L'UE doit s'impliquer «territorialement»
Par une telle politique, l’UE ne met pas seulement en danger la vie de milliers de personnes, mais également sa propre survie en tant qu’acteur politique et partenaire principal de l’Afrique du Nord. Il est urgent que l’UE envisage l’avènement de changements réels en Méditerranée et se départisse d’une politique basée sur une asymétrie fondamentale de pouvoir entre les deux rives. A l’heure actuelle, les Etats membres ne semblent pas avoir considéré l’éventualité de l’émergence de régimes réellement démocratiques susceptibles de refuser désormais la mise en œuvre de politiques impopulaires et déséquilibrées. Sans doute doit-on écouter avec attention les signes actuels annonçant une remise en cause des récentes réformes du droit de la mobilité en Tunisie ou au Maroc, ainsi que les attirances de ces mêmes pays pour de nouveaux partenaires, dans le Golfe ou les Amériques, afin de rompre le tropisme européen. A des scenarii moins heureux, tels que le maintien de régimes instables et incapables de contrôler leur territoire ou la poursuite de la guerre en Libye et ainsi la disparition d’un marché du travail considérable, l’UE n’est pas non plus préparée.
Les Etats membres ne pourront faire l’économie d’une véritable réflexion visant à réviser l’esprit et la forme de politiques d’immigration qui, d’inefficaces en termes de sécurité et inadaptées au développement des sociétés, pourraient se révéler de plus en plus préjudiciables aux intérêts européens.
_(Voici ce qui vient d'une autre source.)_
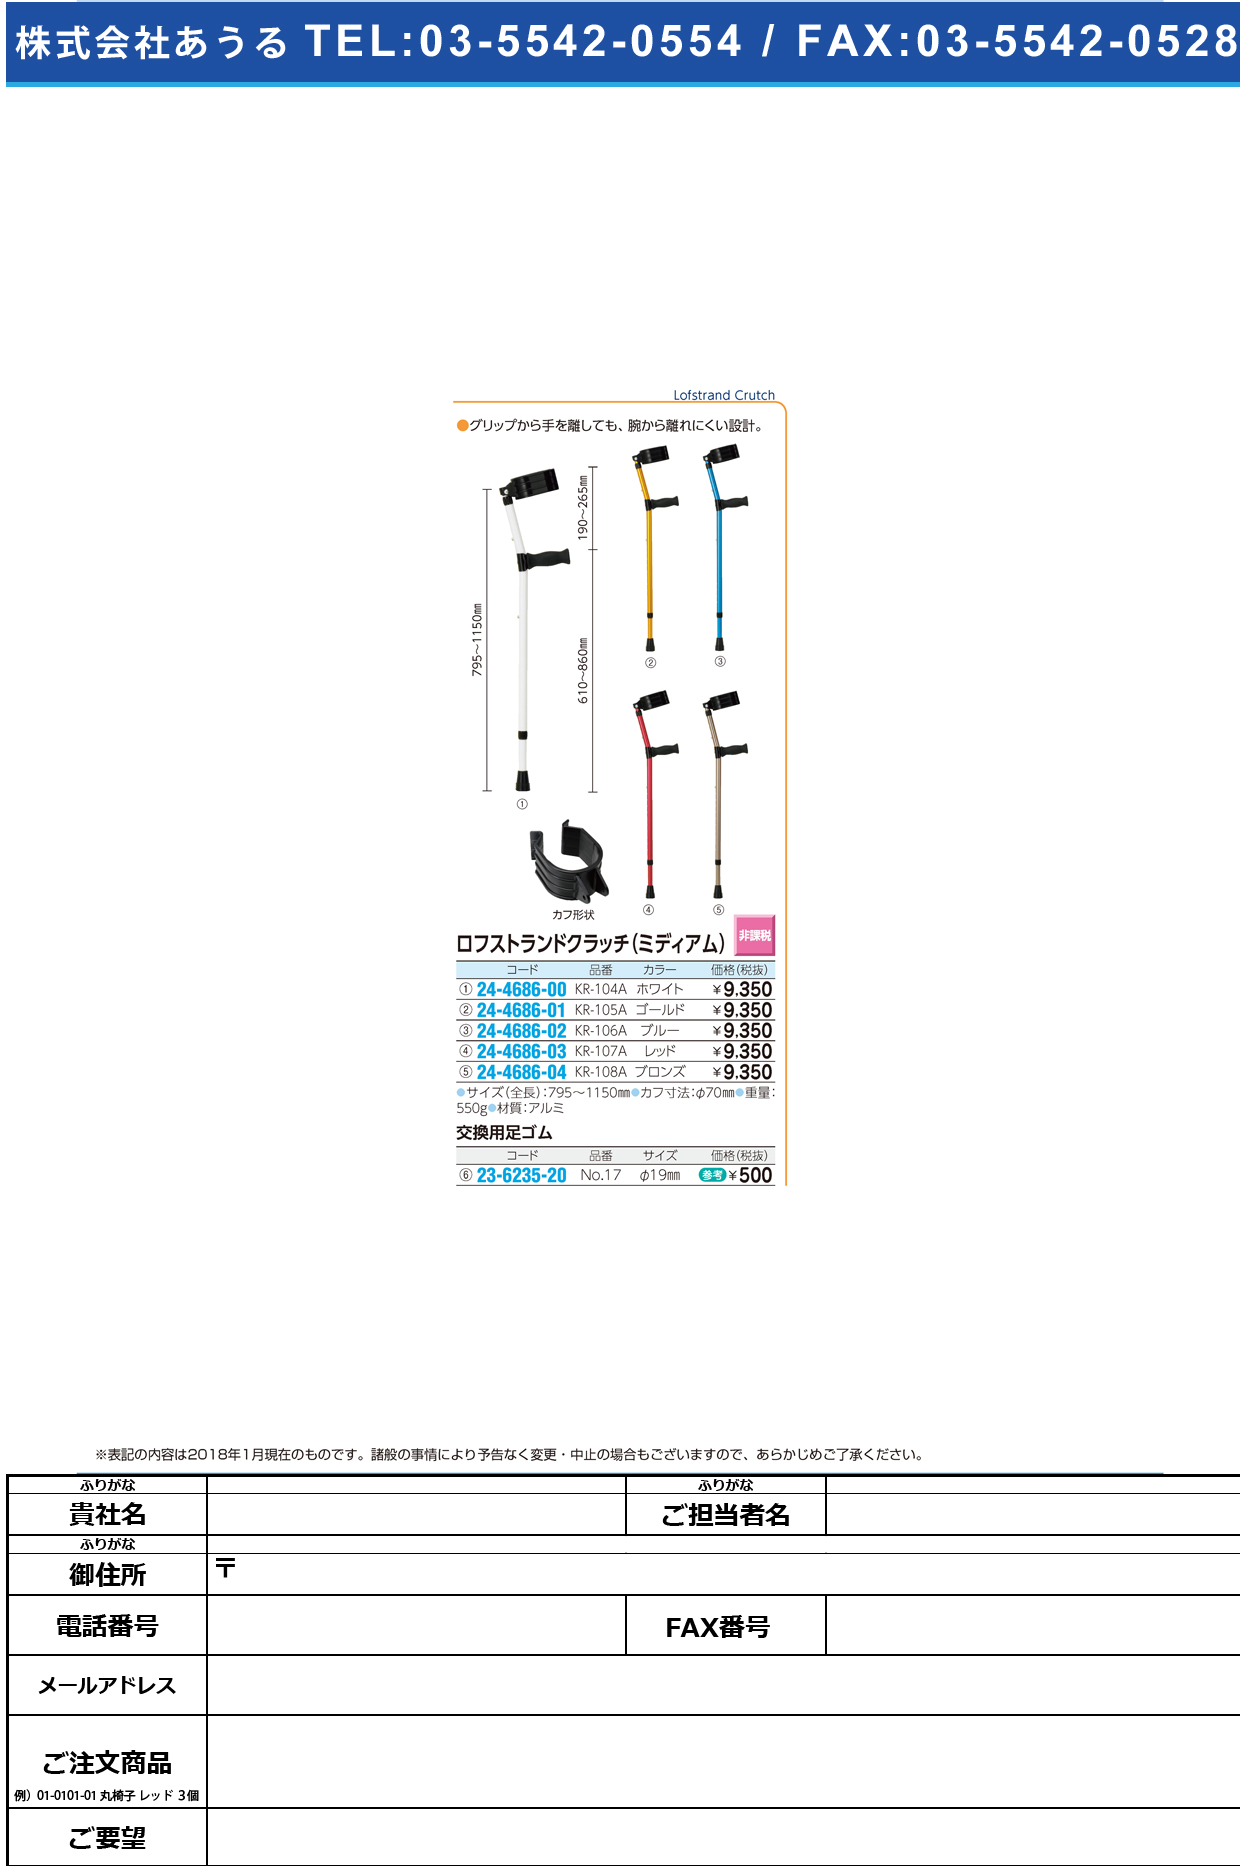 (24-4686-04)ロフストランドクラッチ（ミディアム） KR-108A(ﾌﾞﾛﾝｽﾞ) ﾛﾌｽﾄﾗﾝﾄﾞｸﾗｯﾁ【1本単位】【2018年カタログ商品】
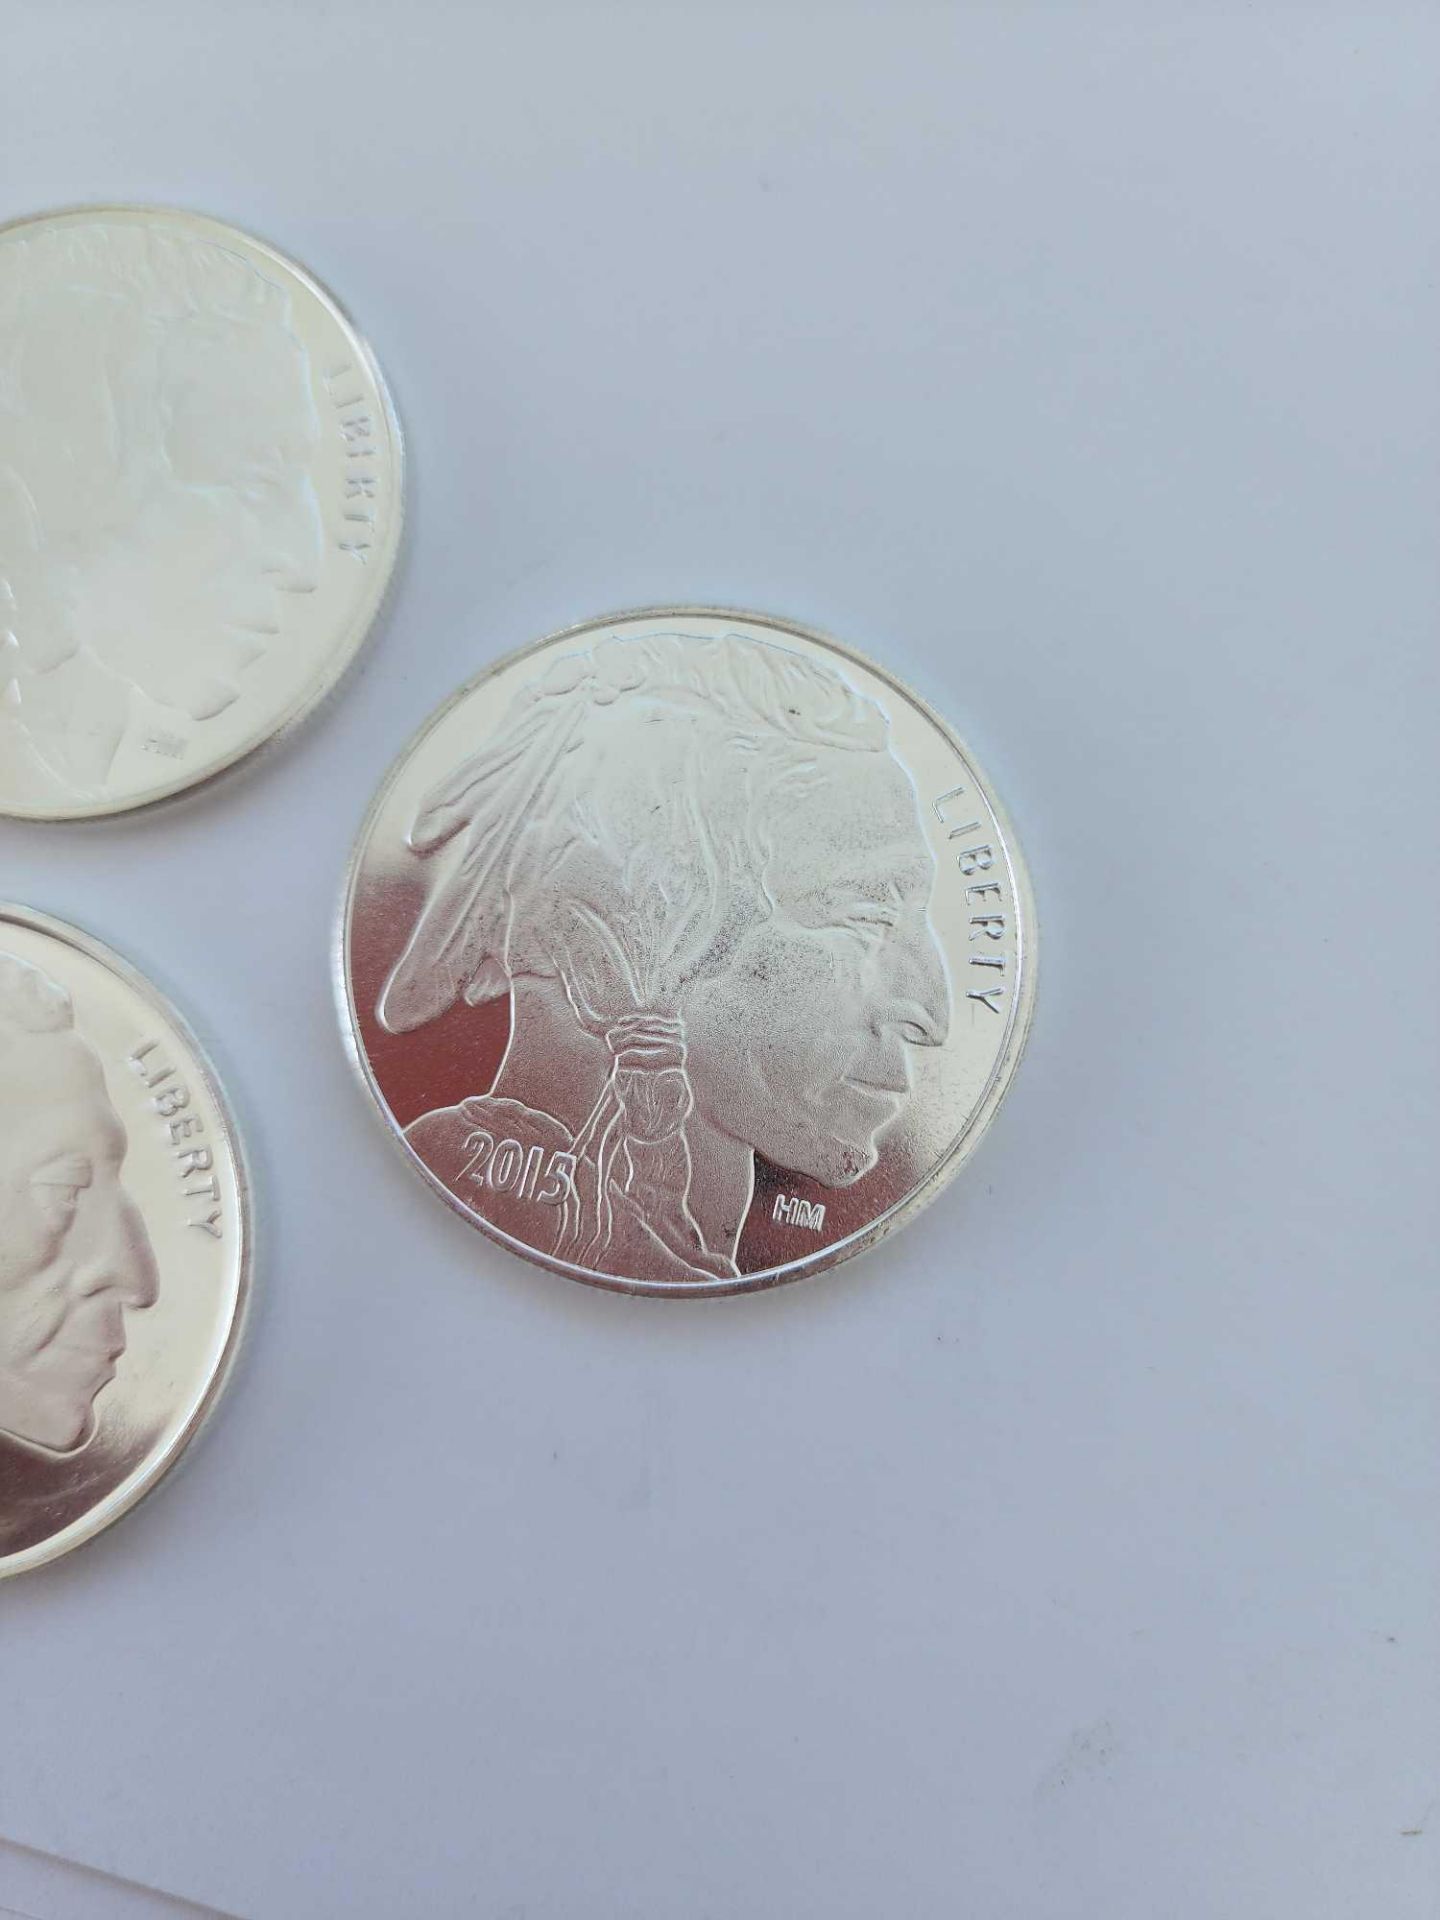 5 1 oz Buffalo Coins silver coins - Image 2 of 6

Pour l’heure, l’UE se doit de s’impliquer «territorialement» en Méditerranée et de partager les conséquences des changements à ses frontières. La Commission européenne propose, dans sa communication du 24 mai, de procéder à la réinstallation, dans l’UE, du plus grand nombre possible de personnes en besoin de protection et d’adopter un programme conjoint à cette fin. Cette suggestion paraît bienvenue au regard du nombre de personnes ayant fui la Libye et ne pouvant rentrer dans leur pays ni rester en Tunisie, en Egypte ou au Niger où les tensions sont déjà fortes et constituent une menace pour leur stabilité. Des mesures à plus court terme devraient également être envisagées pour mettre fin à l’hécatombe en Méditerranée et démontrer une solidarité vis-à-vis des voisins nord-africains, tout en restaurant la solidarité intra-européenne.
L’UE pourrait user des instruments dont elle dispose: activer la protection temporaire pour accueillir rapidement les personnes en besoin de protection et les répartir entre les Etats membres ; assurer l’acheminement vers le territoire européen ; intégrer les moyens de Frontex à cette fin ; utiliser le nouveau Bureau européen d’appui en matière d’asile (BEA) pour accompagner les procédures en Europe. Ces événements sont l’occasion pour l’UE de montrer que la mise en place d’un Système d’Asile Européen Commun (SAEC) basé sur les plus hauts standards de protection d’ici 2012 ne s’accompagne pas d’une impossibilité d’atteindre le territoire européen.
L’avenir de l’Europe se joue aujourd’hui dans son voisinage méridional comme il se jouait hier dans son voisinage oriental lorsque l’Union fit le choix de la raison et de la solidarité pour assurer sa stabilité et son avenir.
Par Delphine Perrin, chercheure à l’Institut universitaire européen de Florence.